The point was that … she … she needed this to not be awkward. Not make life worse. If she embarrassed herself, she didn’t know how she’d live through working with him. So she needed some sense of where he was at before she decided what she wanted or was going to verbalize wanting.

“What do you want?” she asked, because she could handle this.

She could adapt. The sex was … amazing. She wasn’t even shocked by that. The chemistry had been there from the start.

She was mostly shocked she didn’t feel weird this morning. It would be so easy to just ease into all of this.

Too easy. She’d never trusted easy. Not once in her entire life.

He took maybe five seconds to consider that question. “You.”

The answer was both somehow immeasurably sweet and overwhelming and irritating as hell. “That’s not a real answer.”

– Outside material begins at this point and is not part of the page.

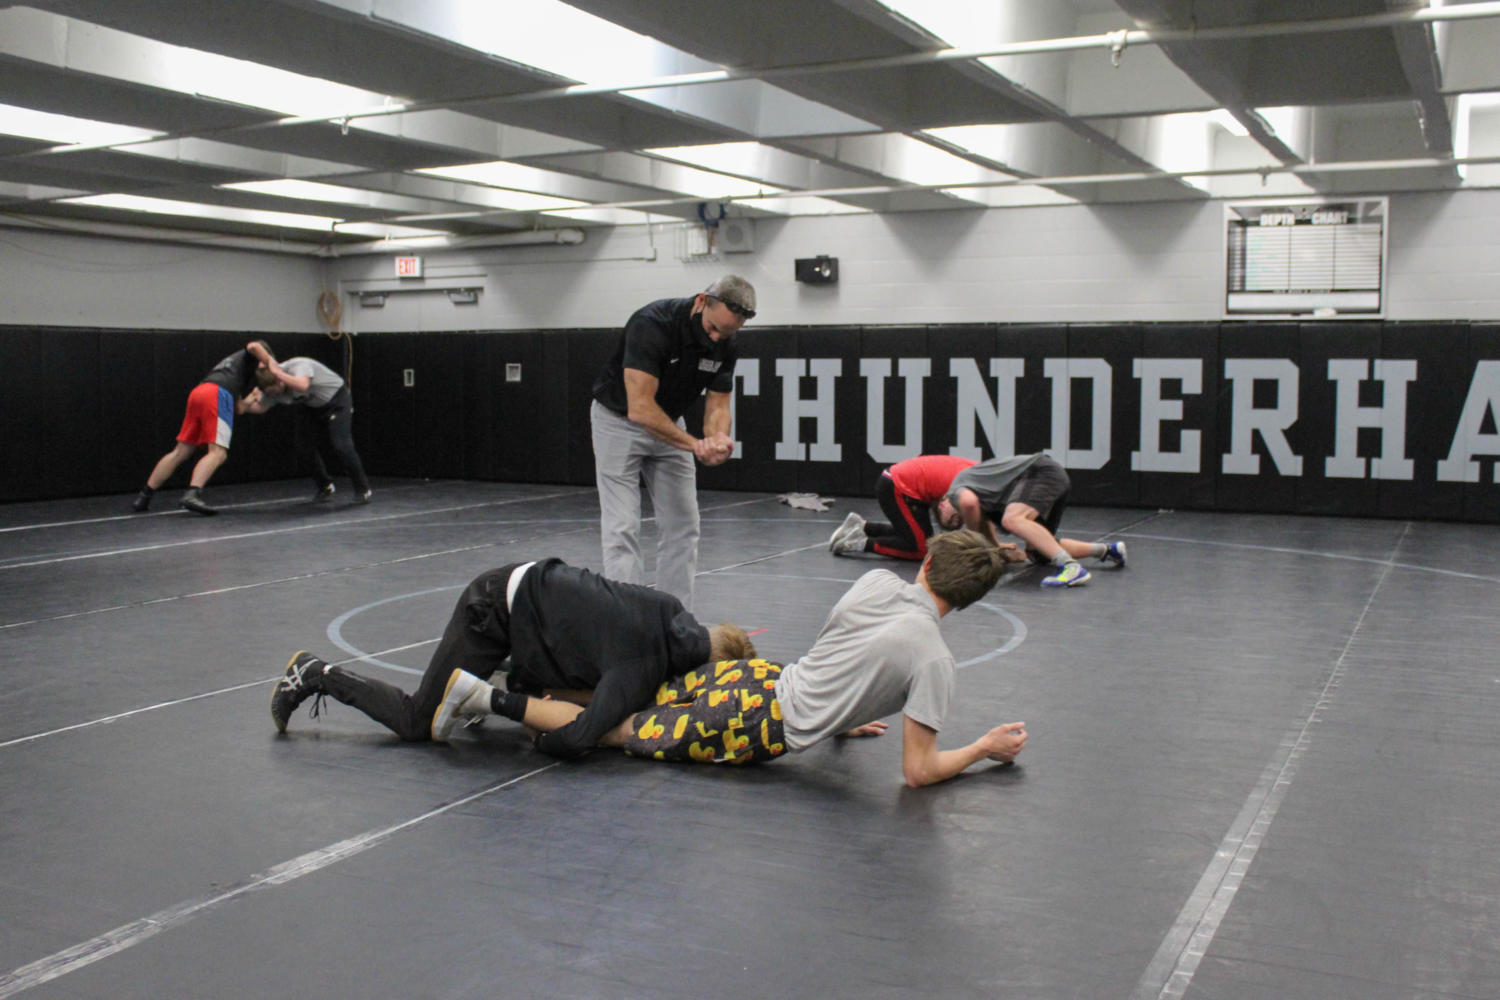 Under+the+watch+of+veteran+coach+Scott+Fetzer%2C+East+wrestlers+follow+their+new+safety+protocols+during+practice+by+sticking+to+one+opponent+and+spacing+out+on+the+mat.

“Why not? Besides, you didn’t answer at all.”

She did push at him then, until he released her. She started putting the eggs on the plates she’d already gotten out. Threw the burnt toast on the plates. She shoved his plate at him. “Butter’s in the fridge. Peanut butter or jelly already on the counter.”

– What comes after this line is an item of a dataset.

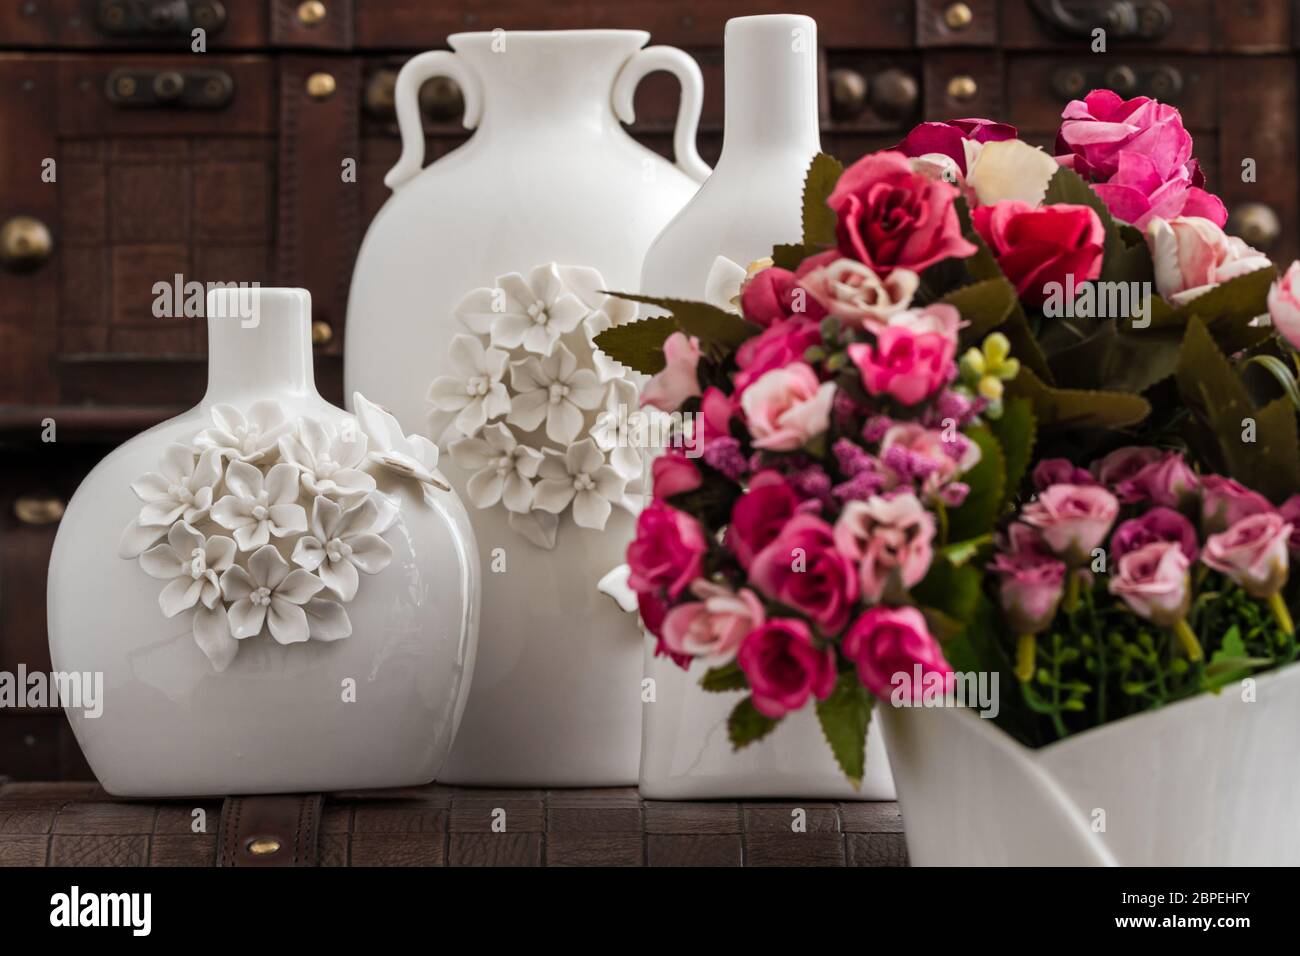 Different decorative white vases with 3d flower and butterfly designs Stock Photo

Then she sailed over and plopped onto her stool. Meanwhile he still stood on the other side of the counter, plate in hand, staring at her.

She studiously ignored him and ate her eggs. “You should eat. Cold eggs suck.”

“I don’t want some half-assed friends with benefits bullshit,” he said firmly before moving to the stool next to her.

She hated that a wave of relief went through her. Hated that she couldn’t quite get a handle on this or him. But if he could be honest first, she could be honest last. “Well, good. Neither do I.”

“That so hard to admit?”

She shrugged, took a long sip of her second cup of coffee. “Maybe.”

“So, what are my other options?”

She glared at him. Pushing the point. Pushing her. But the worst part was he had every right to. “This is going to be complicated,” she said, which was a hedge and they both knew it.

But he didn’t balk. “It is. I knew that going in. Didn’t you?”

“Maybe I didn’t think about it with your tongue down my throat. Among other things.”

He laughed. A real, true laugh. And it warmed her in ways that weren’t just complicated, they were dangerous.